"Lihat, kan? Aku dapat ikan kakap. Suamiku begitu tampan. Jauh banget dengan mantanku yang pengkhianat itu," Ivy berkata penuh kemenangan seolah tak ada Yuda. Lanjutnya,
"Oh, ya, apa kalian hidup bahagia? Eni, hati-hati. Aku takutnya karma berlaku. Hati-hati ada yang mengambil suamimu."
Eni menyentak napas keras. Ia membalikkan badan lalu melangkah cepat yang segera disusul oleh sang suami.

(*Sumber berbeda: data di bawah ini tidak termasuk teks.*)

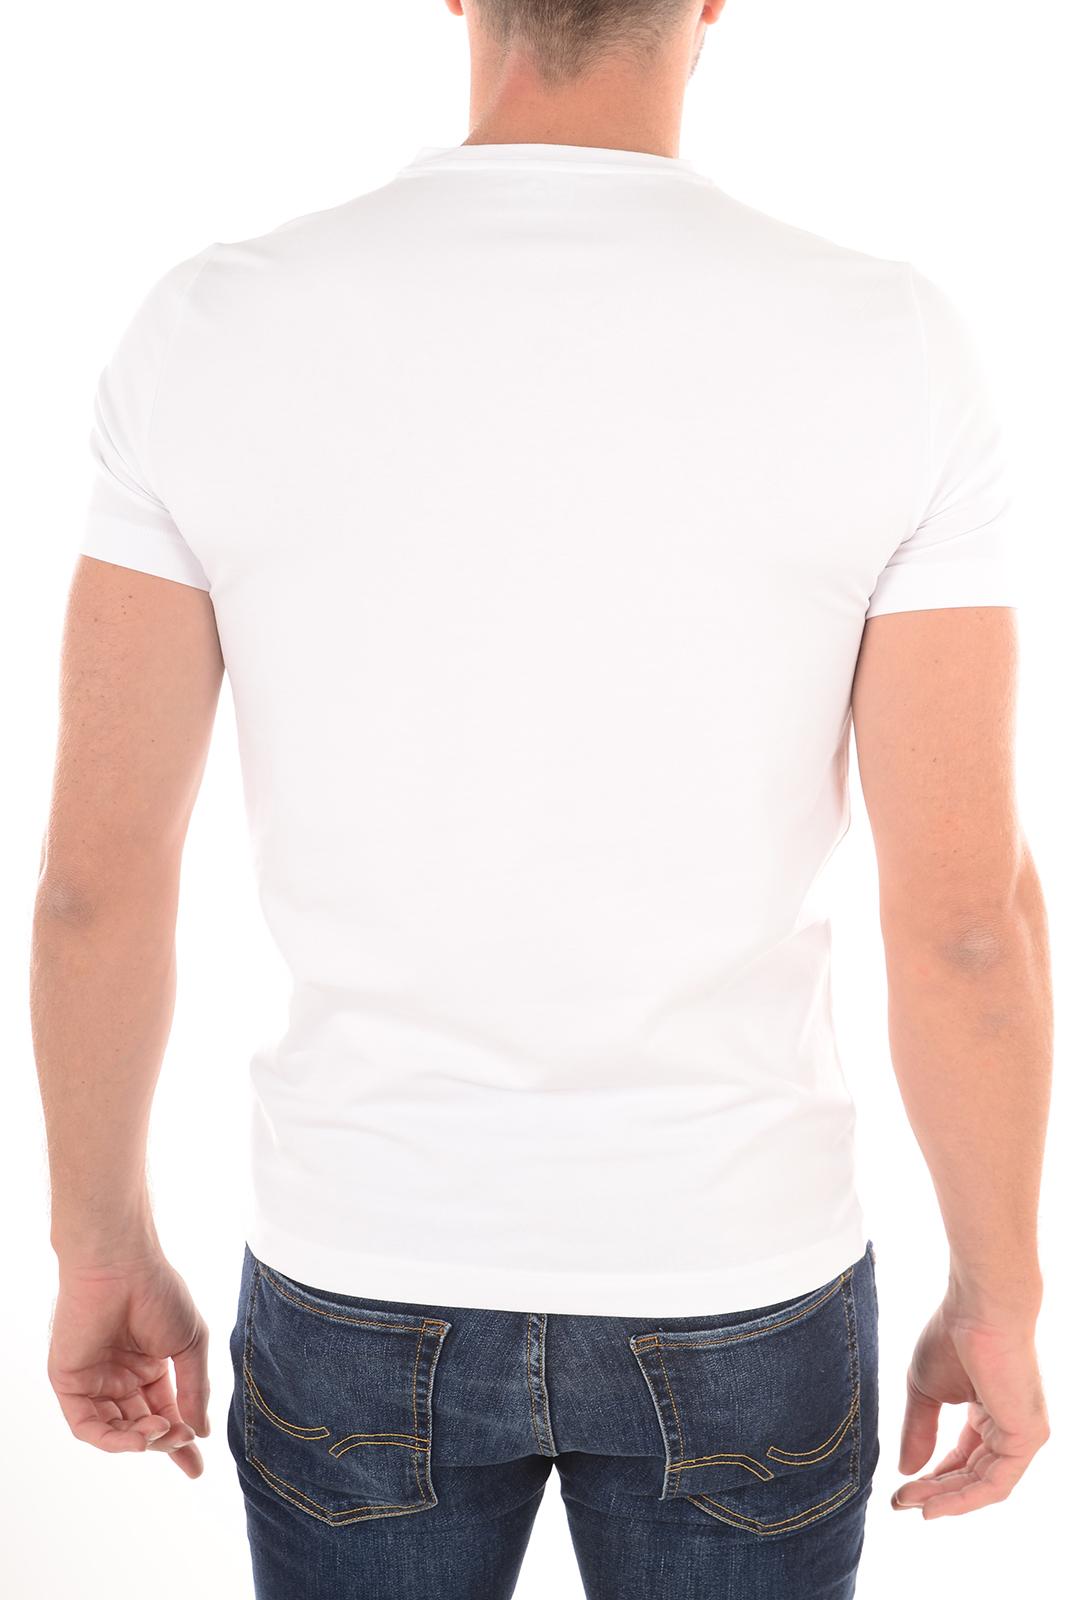 Tee-shirts  Emporio armani 273911 6P206 010 BLANC

"Ada apa denganmu?" Yana mengernyit heran. Tatapannya tertuju ke suami sahabatnya yang terus menenggak minuman.
"Aku kesal padanya! Dia dulu yang memulai!" sahut Ivy. Lalu menatap Evan dengan wajah kesal.
"Bagaimana dia bisa mabuk? Perasaan, warung ini tak menjual minuman." Ivy menatap Evan semakin tak suka.
"Siapa yang sangka lelaki itu ternyata punya banyak di mobilnya," sahut Yana santai.
"Sial benar nasibku harus berurusan dengan lelaki pemabuk! Lalu, bagaimana sekarang?"
Eni mengedikkan bahu. "Dia kan suamimu. Bagaimana kalau bawa ke hotel saja? Sebentar lagi giliranku jaga."
Ivy langsung setuju. Karena Yana membawa motor, maka ia segera menutup pintu mobil setelah berhasil mendudukkan Evan di jok belakang. Gadis itu mengemudi sambil sebentar-sebentar menepuk kepala.
Haruskah ia benar-benar membawa Evan yang sedang mabuk berat ke hotel?
Senyum yang tadi terpatri di bibir saat membuat kesal Eni, kini sepenuhnya berganti kekhawatiran. Ia terlihat tak tenang.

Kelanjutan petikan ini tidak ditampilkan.